[Activity]: Given the records below, the lines starting at the line with "Nelson Mandela older people - RightsInfo" and ending at the line with "Moonbike garé dans" should be output exactly, both end lines kept and pictures left out.

[Exercise inputs]:
= = = = = = =
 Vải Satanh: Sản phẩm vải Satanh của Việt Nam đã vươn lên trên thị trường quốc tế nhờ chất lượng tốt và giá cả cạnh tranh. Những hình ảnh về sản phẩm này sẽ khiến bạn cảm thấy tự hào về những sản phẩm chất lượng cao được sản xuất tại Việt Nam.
= = = = = = =
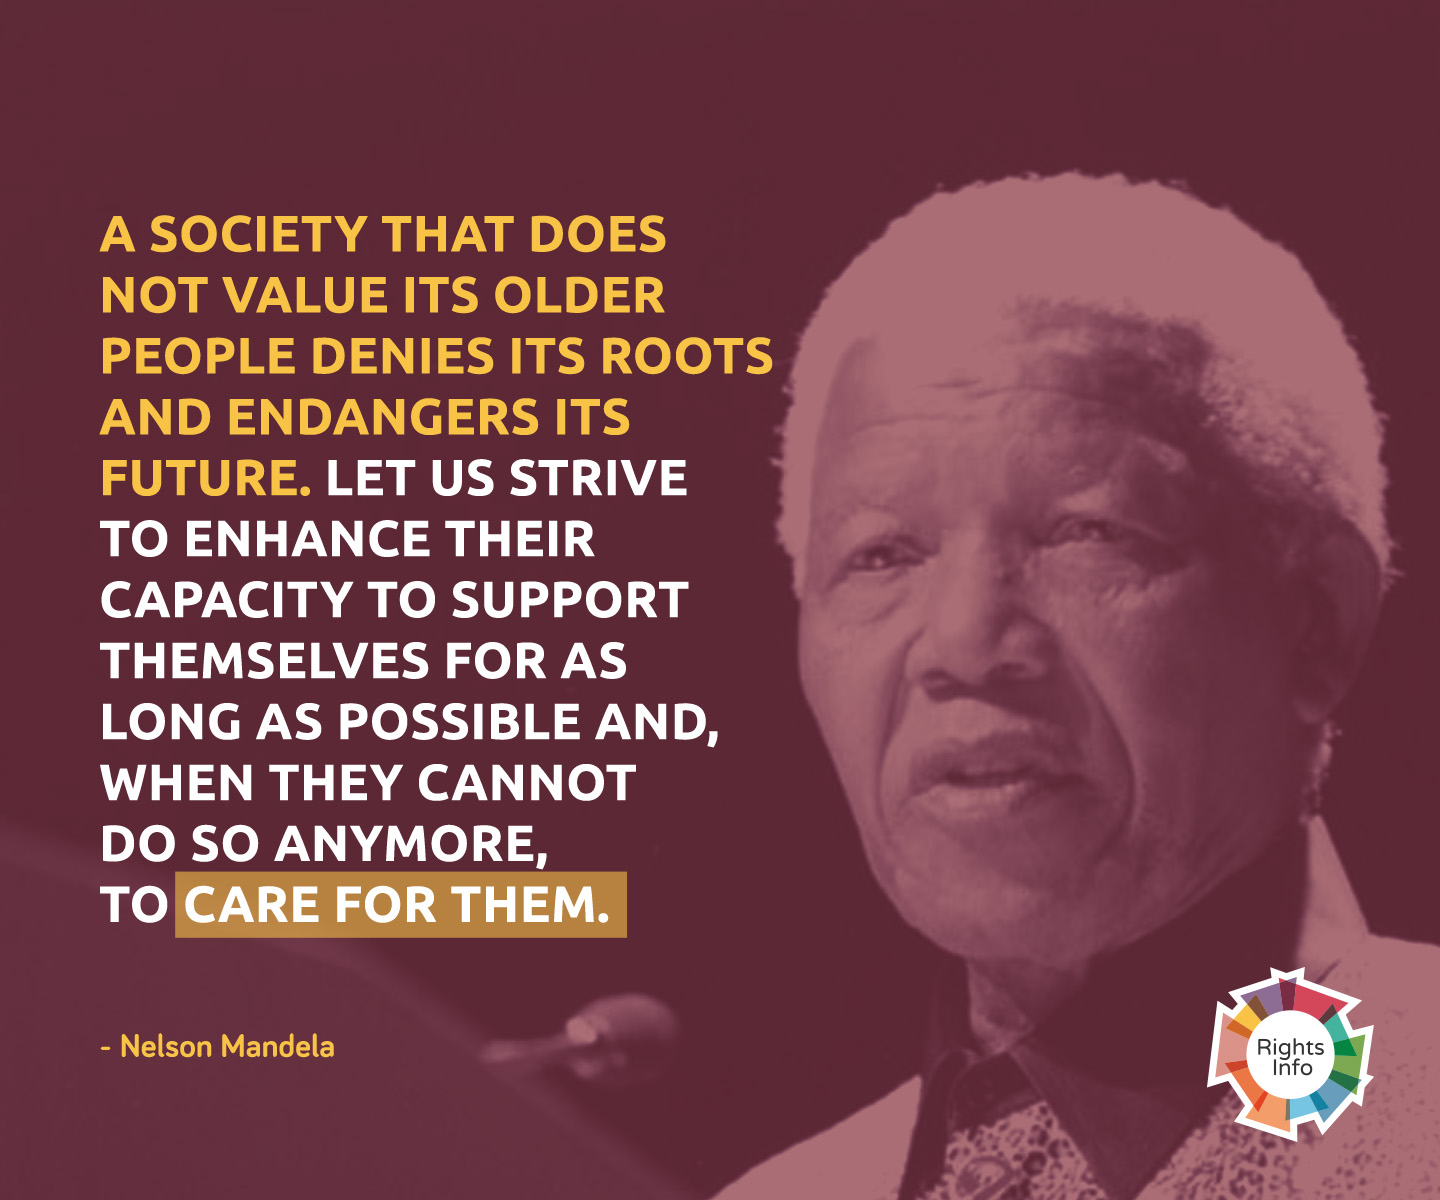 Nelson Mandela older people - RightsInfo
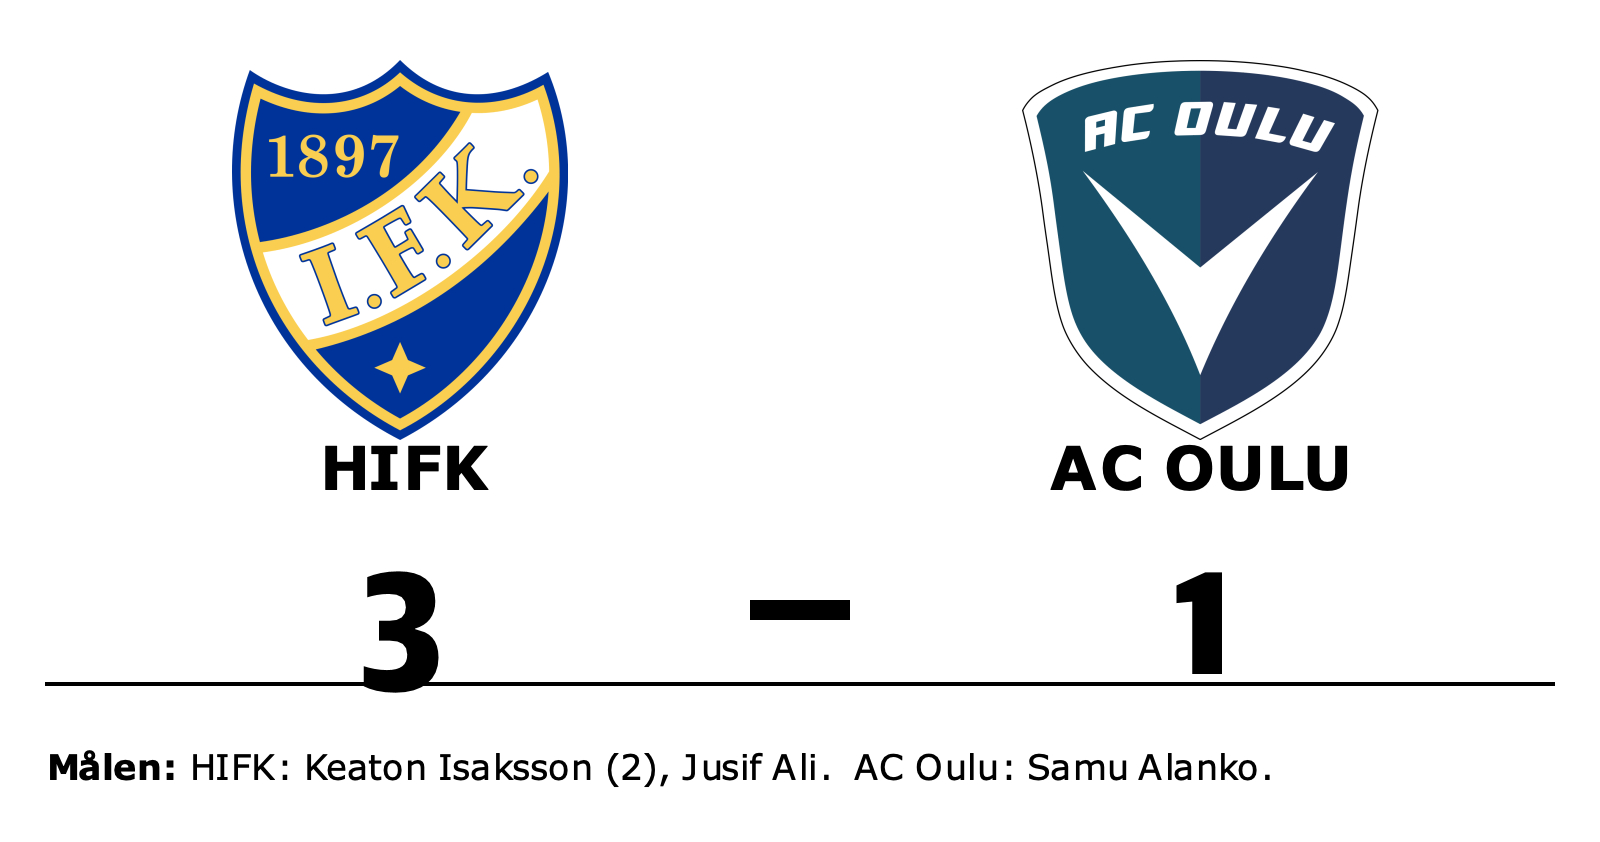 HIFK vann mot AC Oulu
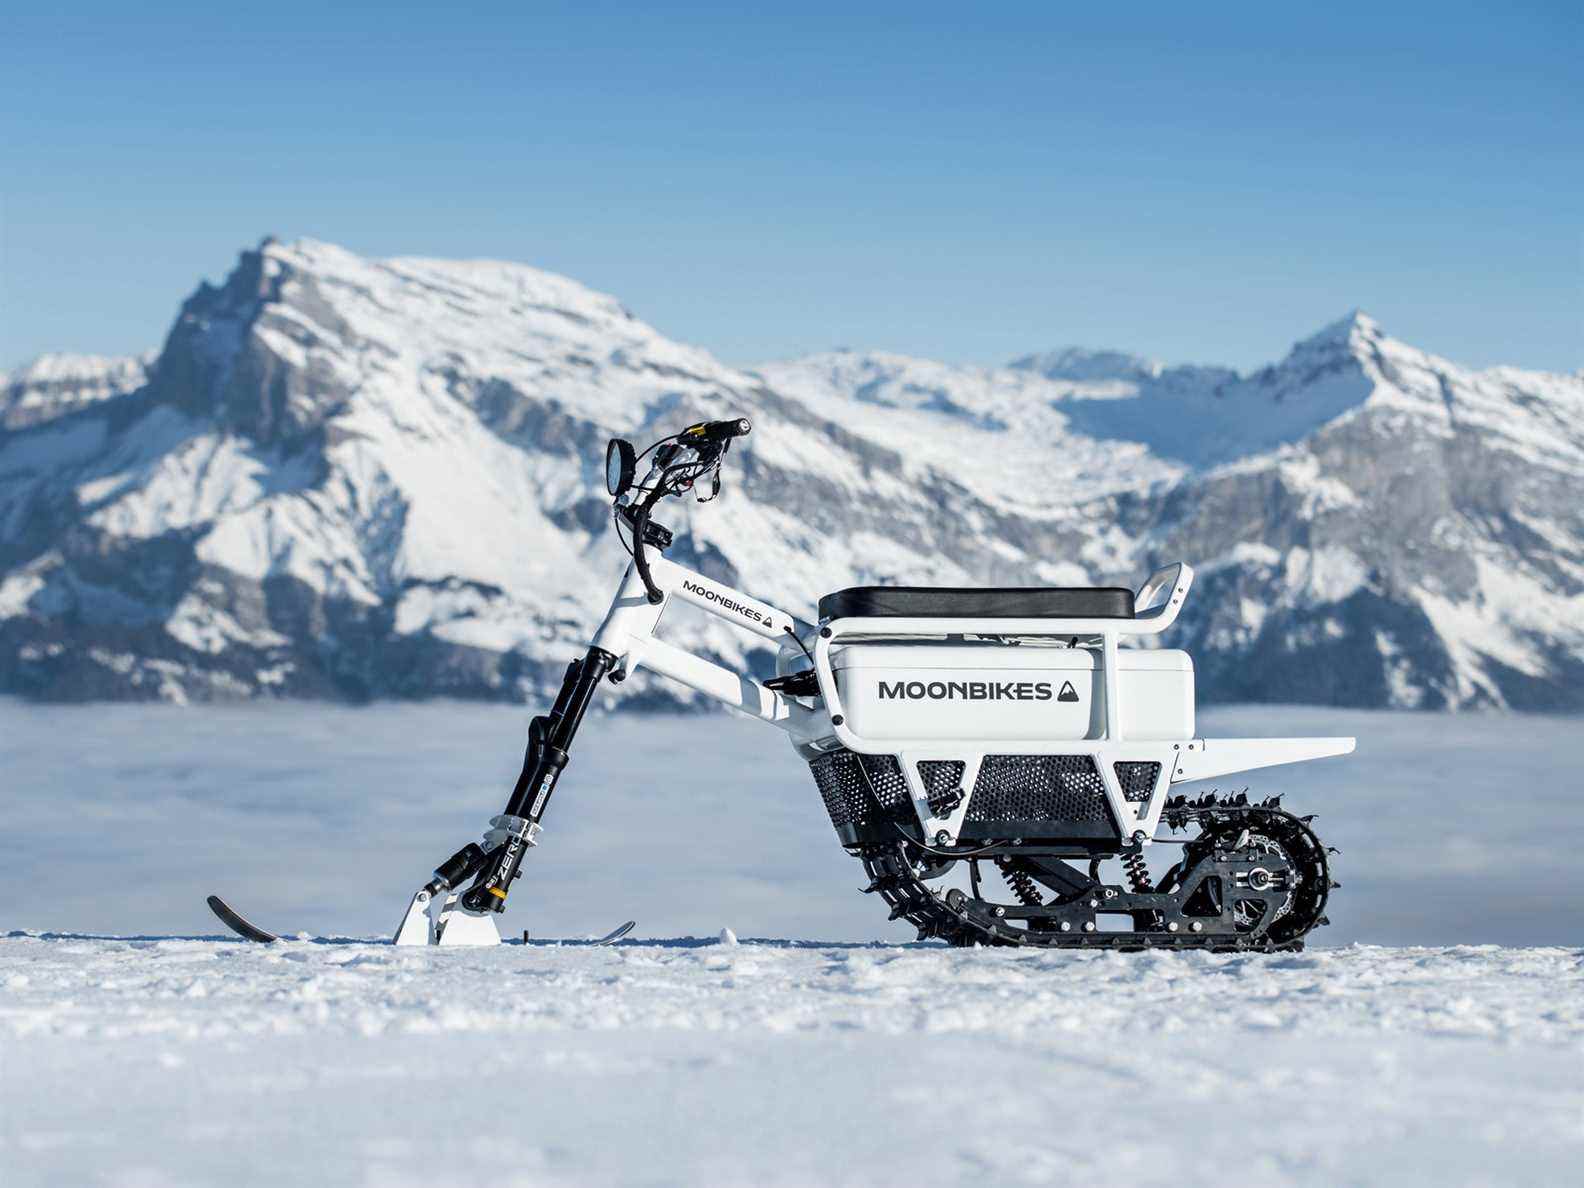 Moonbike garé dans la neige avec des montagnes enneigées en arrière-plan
= = = = = = =
[Solution]:
 Nelson Mandela older people - RightsInfo
 HIFK vann mot AC Oulu
 Moonbike garé dans la neige avec des montagnes enneigées en arrière-plan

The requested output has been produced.